两天后,张汐雪带着白凝羽回到福王府。白凝羽,一入门口,就有迎宾客向她问好,大致看了下福王府,果然跟张汐雪说的一样,随后跟张汐雪到大厅等张添锦。“爹。”“小女子白凝羽,参见福王。”“免礼,白帮主到我王府,请问有何贵干?”“爹,我有事要跟你说,是我跟凝羽的事。”“喔?”“爹,我跟凝羽是真心相爱的,请你成全我们。”张汐雪拉着白凝羽的手,两人一同下跪。“什么?”张添锦大吃一惊。“你们竟然如此荒唐?”“荒唐?那我们的祖宗张欣诺,她也荒唐吗?”“祖宗我没资格管,但你是我女儿,我就有资格管你,这么荒唐的事,我绝对不会同意。
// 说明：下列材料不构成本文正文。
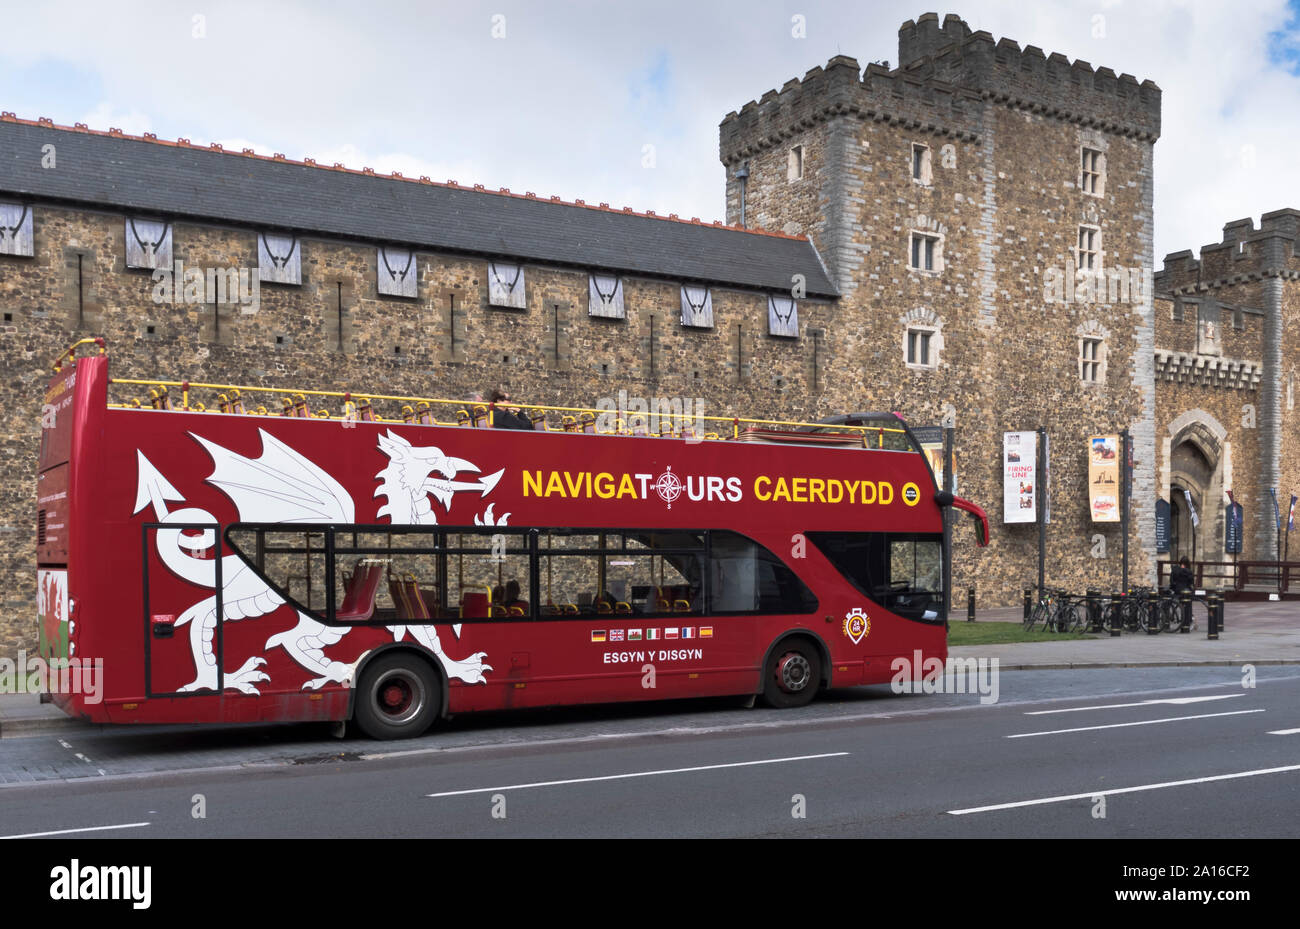 Dh il Castello di Cardiff Cardiff Galles Opentop tour bus double decker sightseeing bus turistici open top Foto Stock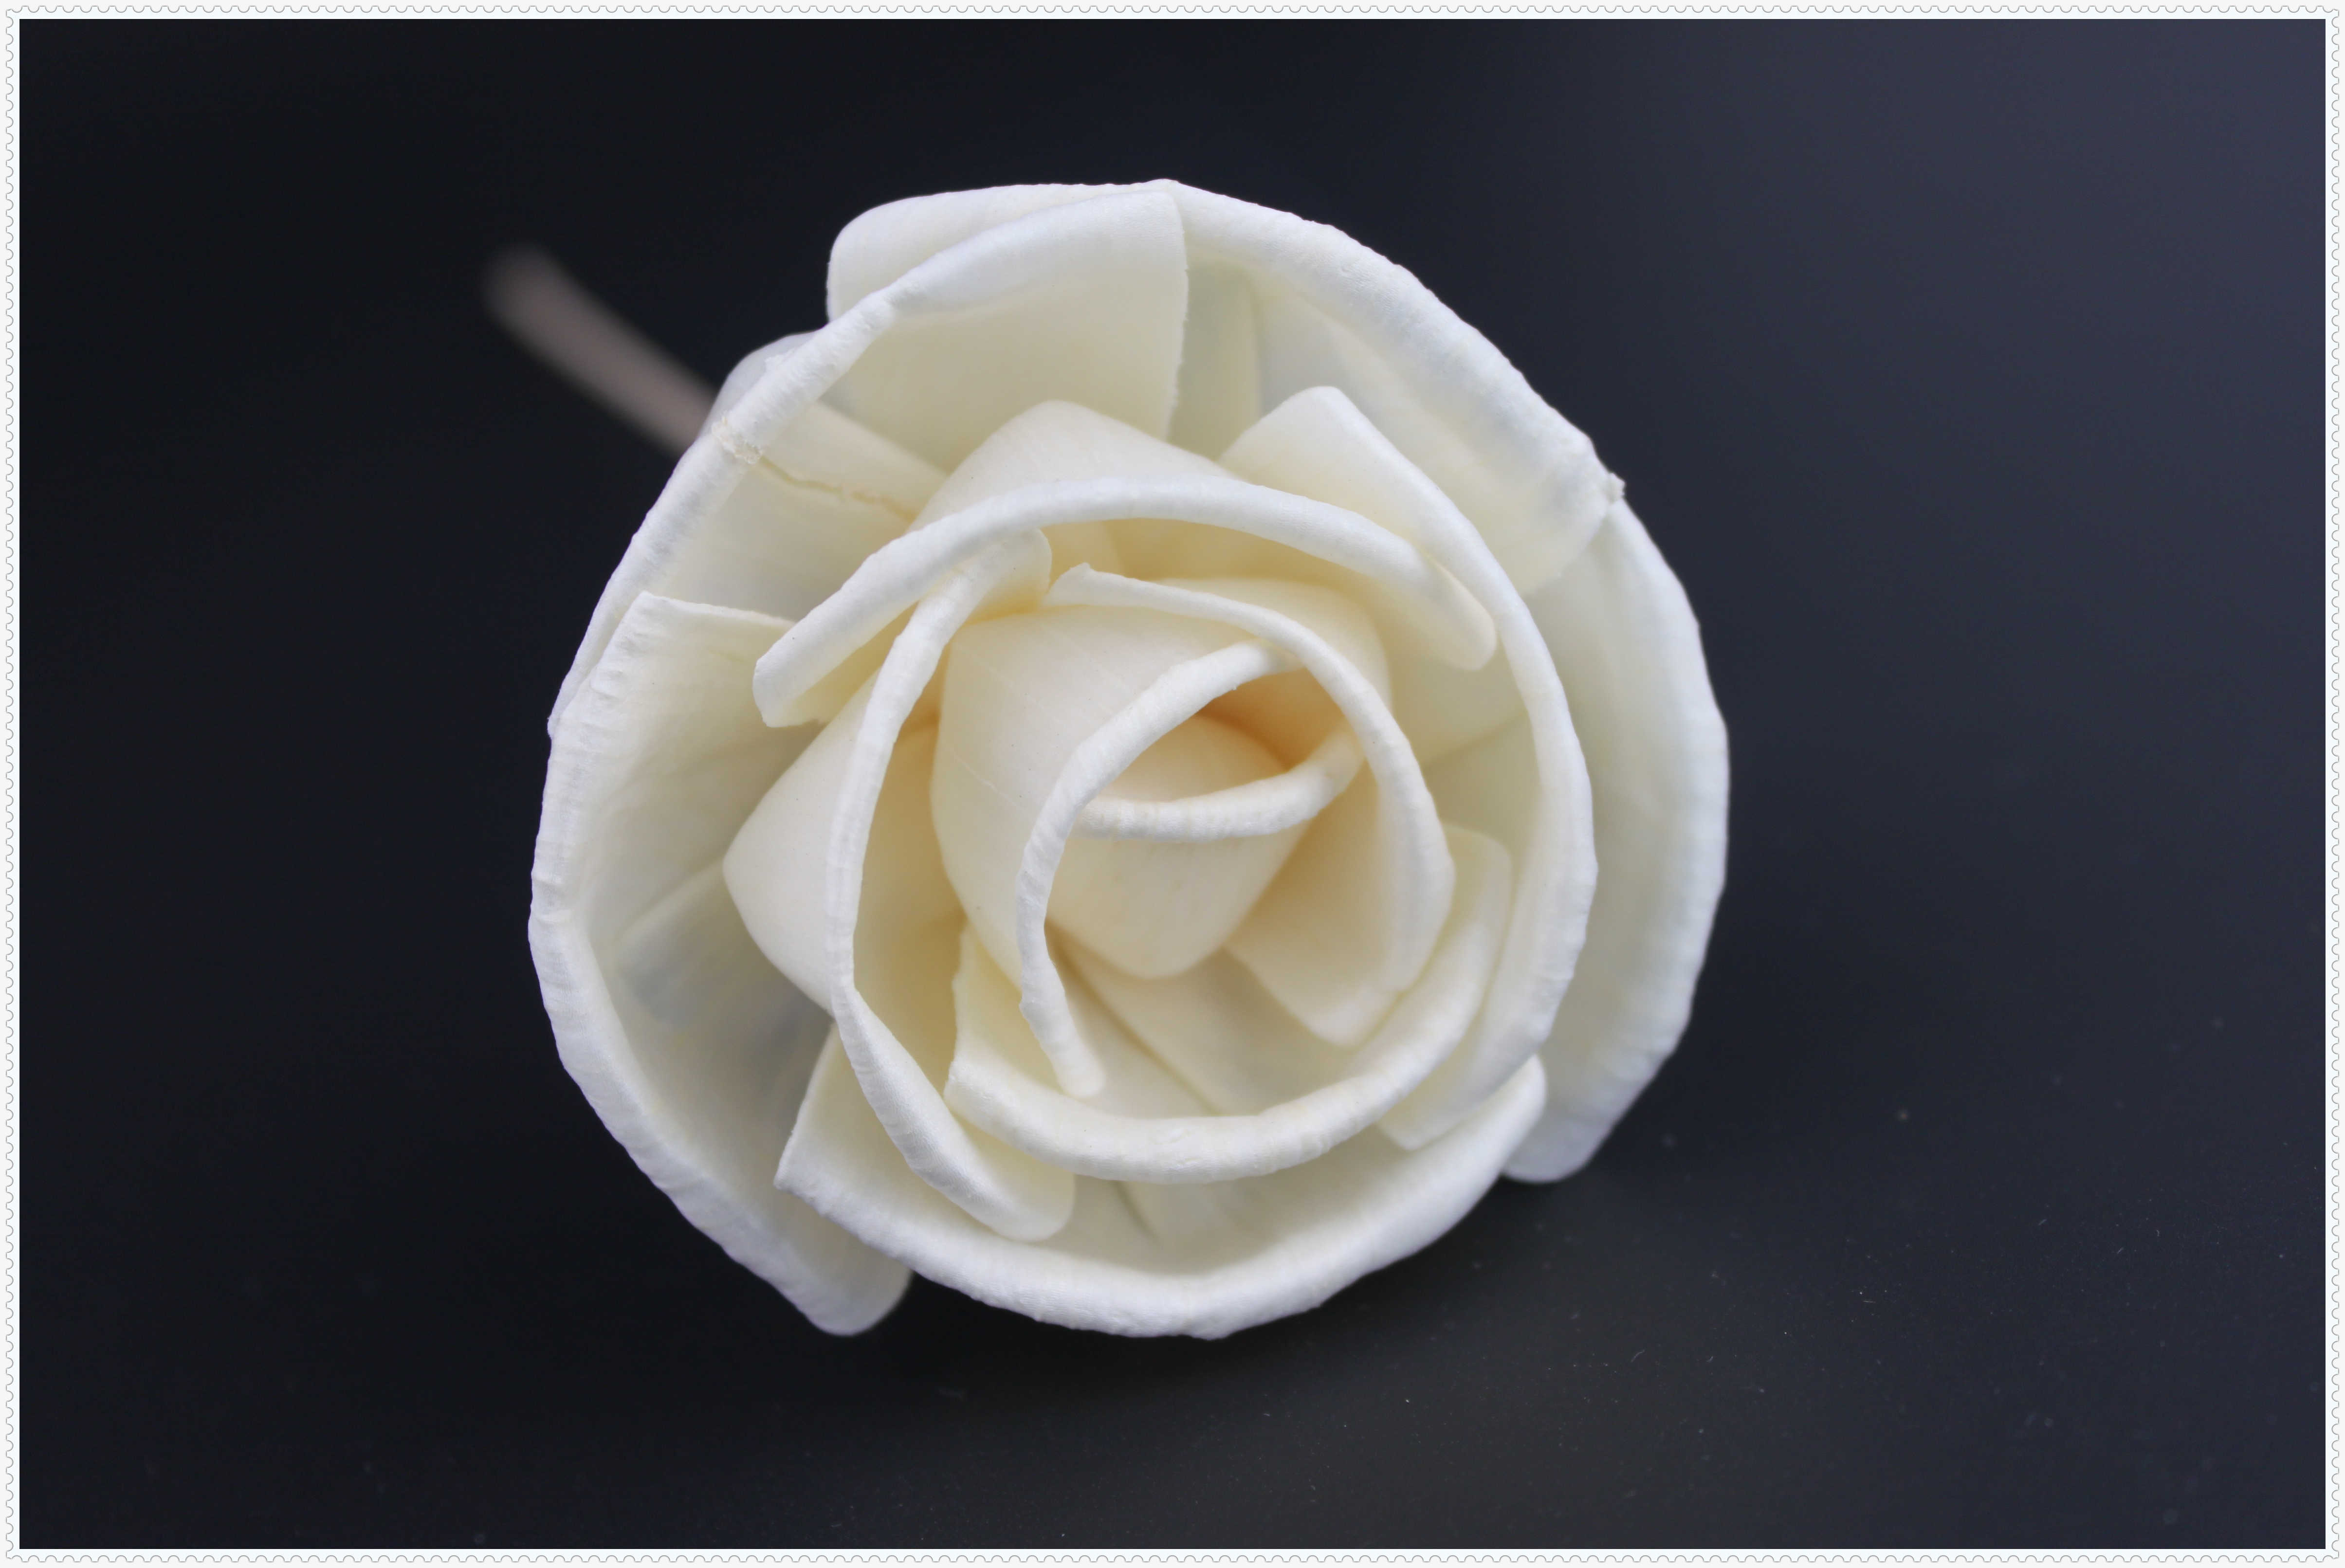 Pink / White Rose 10cm Fragrance Diffuser Dried Dried Sola Flowers For Office

”“爹,我跟凝羽是真心相爱的,为何不能成全我们?”“闭嘴!没想到我会有个这么不知廉耻的女儿,你若敢再与白凝羽保持这样的关系,以后就别再踏入我福王府。”说完怒气冲冲地走到专用书房。张汐雪紧握着白凝羽的手:“凝羽,你放心,我一定能劝服我爹的,他只不过一时接受不了而已。”“不过,王爷他好生气啊。”“呵呵,没事,放心吧,起码我们不需要秘密一辈子。”“嗯,我们的秘密不再秘密了,我不后悔,嘻嘻。”张添锦出来:“白帮主,以后没事的话,请你不要找汐雪。如果现在没什么特别事,请马上离开。”分明是下逐客令。“爹,你不要这样好不好。”“请。”张添锦看着白凝羽毛,对门口做了个“请”的手势。“既然这样的话,我先告辞了。”依依不舍地松开了手。“凝羽路上小心。”“嗯。”等白凝羽走后,张添锦说道:“我再次警告你,要是你再敢跟白凝羽纠缠下去,我就当没有你这个女儿。”“爹,你。。。”张添锦头也不回地离开了大厅。由于张添锦的反对,白凝羽做什么都没心思。一长老劝说到:“帮主,请振作起来,我们龙沙帮需要你主持大局,不要为此事烦恼而不顾大局。”这些道理白凝羽都懂,但就是提不起精神来。张汐雪每天被奉命的人盯着,跟白凝羽都在煎熬中度过了好几天,都渴望见着对方,但不能尽如人意。张汐雪突发奇想,写了封信差人送去给陈惜绮,要她来杭州,这样她就可以借着带四公主游杭州之名,暗中去见白凝羽了。碍于四公主的身份,相信福王不敢派人盯着。
☆、后宫
冷秋潆被册封为贵妃,这几天都亲自到御膳房,顿燕窝给陈威贤食用。“参见冷贵妃!”御膳房的一干人等,见冷秋潆来了,都行礼。“免礼,我要顿燕窝给皇上,你们先出去吧。”“是。”冷秋潆笑盈盈地煲水,准备好各种材料,其中一种材料是销魂丹。燕窝熬制好了,把销魂丹磨成粉末,放进去,然后亲手端给那个大她将近30年的夫君,即当今皇帝陈威贤享用。“皇轩宫”里,陈威贤抱着冷秋潆,喝着冷秋潆特别熬制的燕窝。“皇上,今天的燕窝是否可口?”嫣然一笑地问道。陈威贤乐呵呵:“爱妃熬制的燕窝美味极了,御膳房这么多御厨,没一个能比得上你。”“这是臣妾花足心思熬制的,皇上喜欢也不枉费了。”“不愧朕这么宠爱你。”捏了捏冷秋潆的下巴,冷秋潆笑了,笑得很假,但皇帝看不出。“朕累了,想休息。”“臣妾侍候皇上。”“不必了,朕现在只想好好地睡一觉。”说着回寝宫去。“臣妾恭送皇上。”陈威贤已经不知不觉中吃了几天的销魂丸,刚吃时突然变得超级威武有力,比年轻时更强壮,最厉害那次跟冷秋潆行事行了差不多两个时辰,冷秋潆连喊“受不了了”才肯停止。现在,身体的力量直线下降,变得极度衰弱,跟冷秋潆行事,一刻钟都不够就停止了。不仅如此,有时走路都会东倒西歪,需要贴身太监扶住,还常常犯困,变得无心管理任何事物,渐渐地把朝政的事托付给他人,让他人为他处理。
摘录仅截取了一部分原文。